Column: The wombat menace

I’m terrified of sharks. I shriek at spiders and bawl around bees. Heck, I’ve been known to jump around like a loon at the sight of a mosquito-hawk (they’re like spiders with wings!). I simply expect certain animals to attack me.

But wombats?

News headlines last week told the story of freak wombat violence:

“Rogue wombat…”

“Wombat combat…”

“Crazed wombat killed by axeman…”

On Apr. 6, a man named Bruce Kringle was walking through the Australian bush when he accidentally stepped on a wombat. The wombat got angry. Super angry. It jumped on his chest, biting and scratching him for 20 minutes. Kringle was rescued when his neighbor ran out with an axe and killed the insane wombat with a blow to the head.

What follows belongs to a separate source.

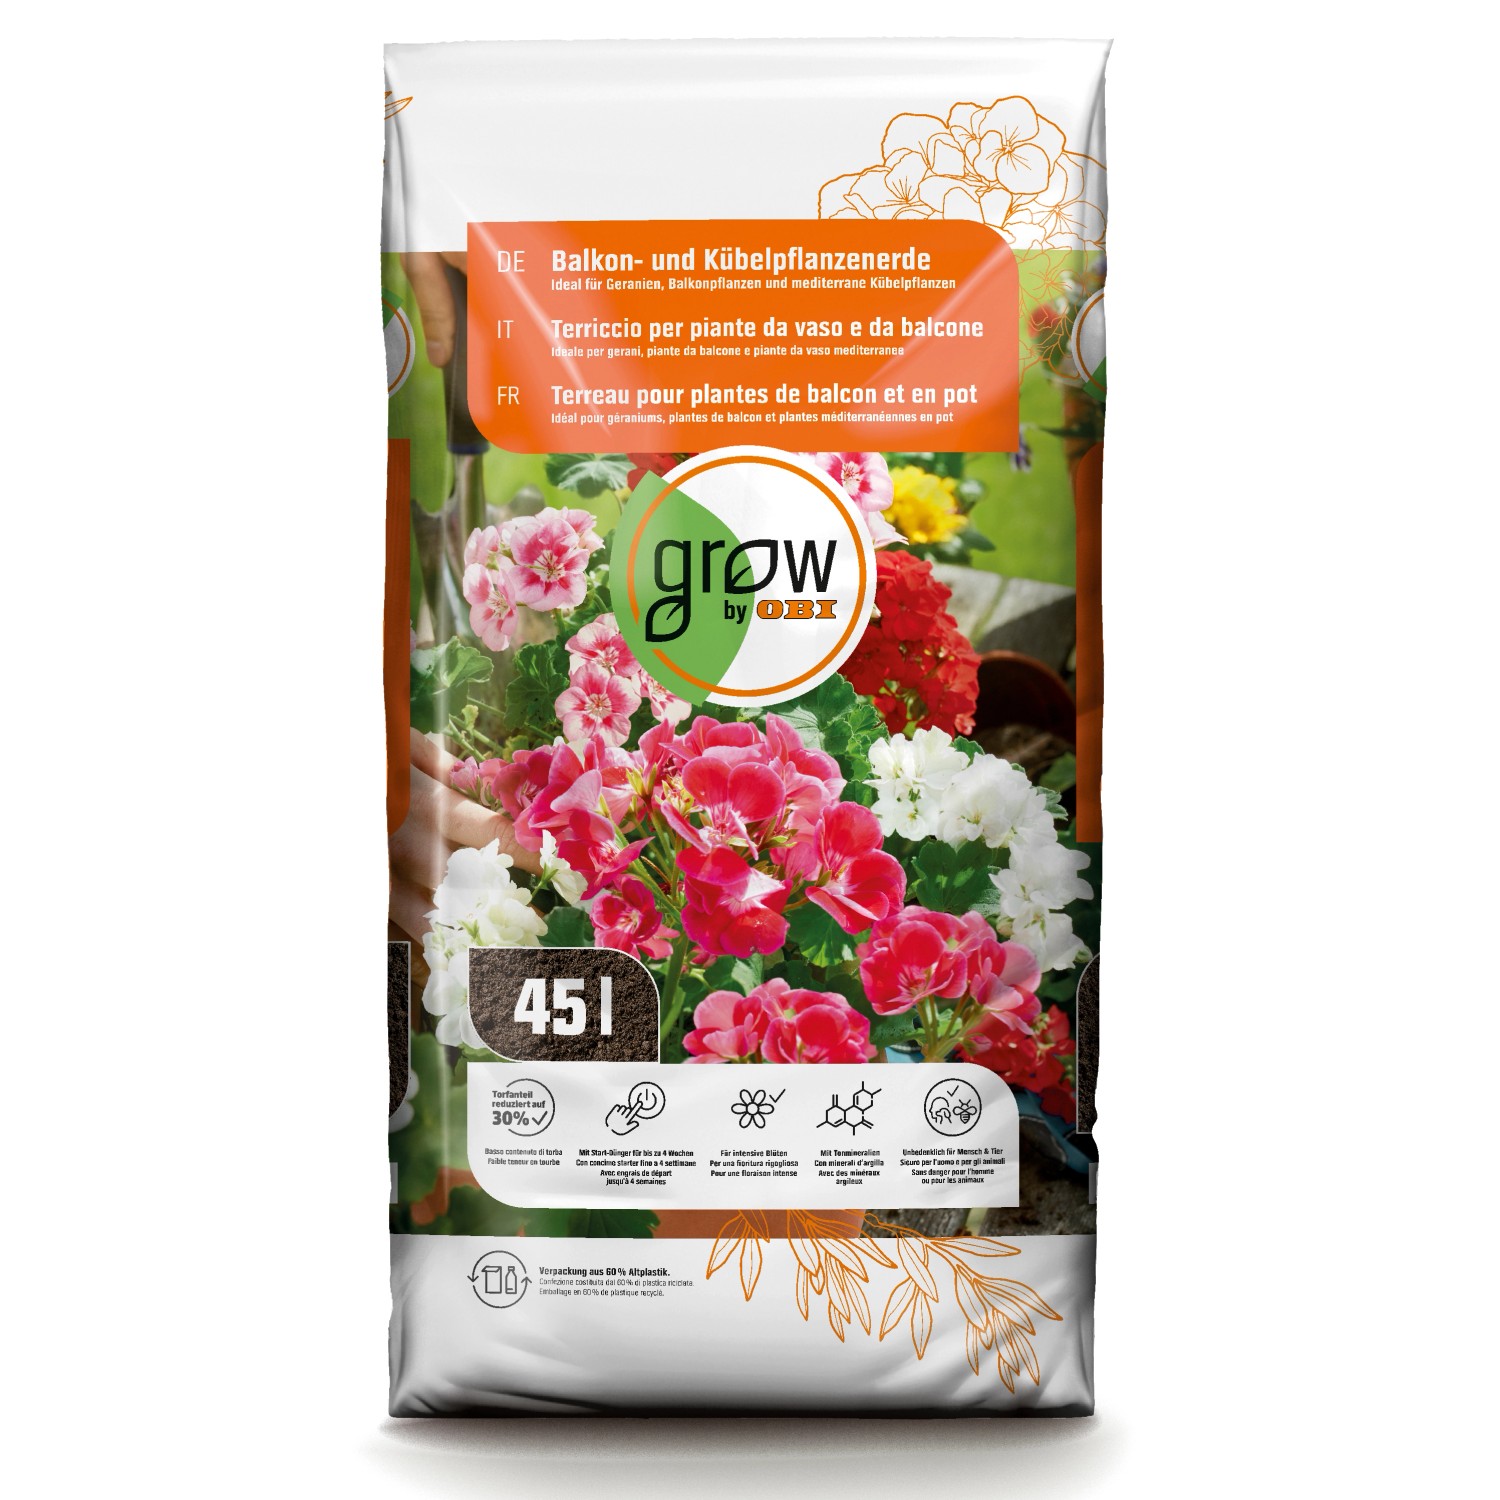 GROW by OBI Balkon- und Kübelpflanzenerde, 45l günstig online kaufen

Animal-control folks said the wombat had a bad case of mange – a nasty, itchy disease where mites live on your skin and make your hair fall out. They said the animal was probably irritated by the disease and felt threatened by Kringle. I don’t think stepping on the wombat helped either. BBC news reported “local people had complained about a rogue wombat in the area in recent days.”

Wombats are three-foot-long marsupials that look like giant guinea pigs. They have claws and big front teeth used for eating bark and roots, but they are usually harmless. This incident makes me wonder: What causes peaceful creatures to suddenly attack?

Bruno Chomel, professor of population health and reproduction at UC Davis, said the only disease that makes animals turn violent is rabies. He said many animals react differently to the rabies virus. Cats will typically get quiet and sulk in a corner; dogs, meanwhile, are infamously aggressive.

“They have this need to bite and it’s basically because of the location of the virus in the brain,” Chomel said.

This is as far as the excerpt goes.